The Italian made Everol 12/0 and Hawaiian made double jet bullet by Morris lures showed this Japanese blue marlin they meant business.


----------



## lowprofile (Jan 6, 2013)

....


----------



## lowprofile (Jan 6, 2013)

230lbs. Still outweighed it by 15.


----------



## Jason (Oct 2, 2007)

Always cool to see these out of country posts!!! You gonna do anything special w/ the bill or just dry it out? I know that middle rod would be a pain to retrieve ifin it got hit wouldn't it? Great job and be safe over there! Fixed the pic fer ya!


----------



## lowprofile (Jan 6, 2013)

That middle rod did get hit. That's the one that Marlin took. Haha. I'm tall enough I can grab it and unclip it. I have all the reels set at 20-22lbs of drag for the troll so they aren't too difficult to move around the back when we hook up. 

Nothing really special. I have two in my freezer right now I have to go drop off in the pile. I'll square off the back and probably mount them on small pieces of wood to display. That way when I'm old and all the fish in the world are gone I can tell my grand kids I did my part.


----------



## Jason (Oct 2, 2007)

lowprofile said:


> That middle rod did get hit. That's the one that Marlin took. Haha. I'm tall enough I can grab it and unclip it. I have all the reels set at 20-22lbs of drag for the troll so they aren't too difficult to move around the back when we hook up.
> 
> Nothing really special. I have two in my freezer right now I have to go drop off in the pile. I'll square off the back and probably mount them on small pieces of wood to display. That way when I'm old and all the fish in the world are gone I can tell my grand kids I did my part.
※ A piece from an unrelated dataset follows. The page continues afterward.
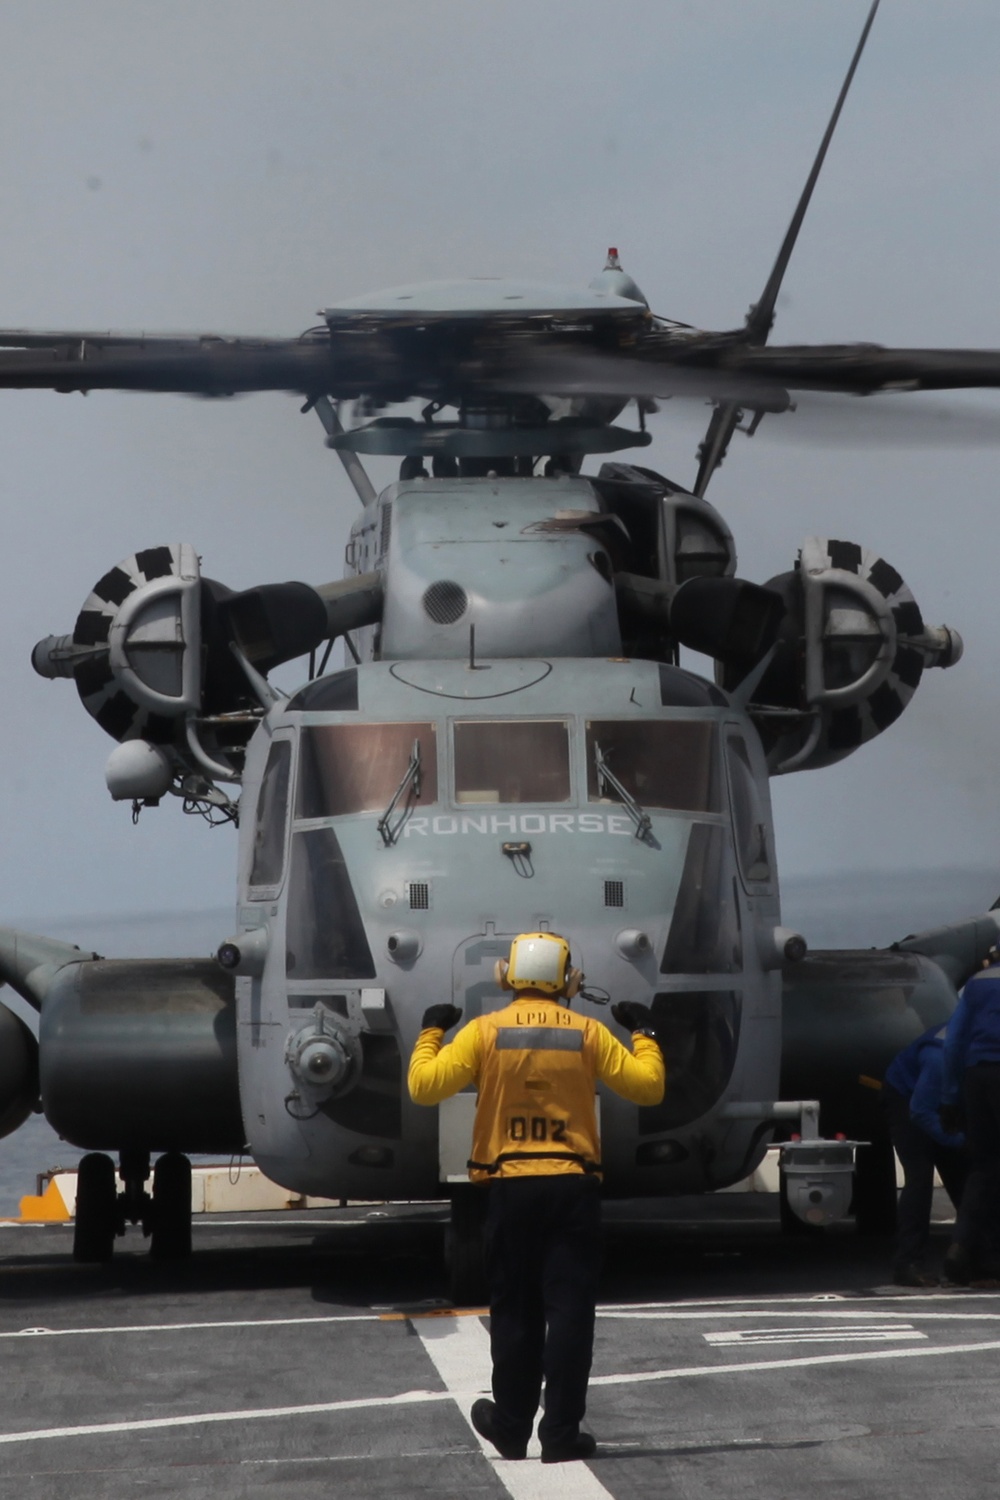 24th Marine Expeditionary Unit, USS Mesa Verde team up for Haiti disaster relief

Curse you tall folk I didn't know if those bills can be sanded smooth and scrimshawed or something like that...Only thing I have ever seen are bills mounted in boat houses as decoration...


----------



## lowprofile (Jan 6, 2013)

Btw, there's a crazy rumor going around that Marlin are no good to eat... That's absolutely not true! They are one of the best tasting fish out there. Of course we bleed and ice everything right away.


----------



## kanaka (Oct 3, 2007)

Jason said:


> Curse you tall folk I didn't know if those bills can be sanded smooth and scrimshawed or something like that...Only thing I have ever seen are bills mounted in boat houses as decoration...


I'd like a mount like this.


----------



## WhyMe (Apr 21, 2013)

Kewl report.
Whyme


----------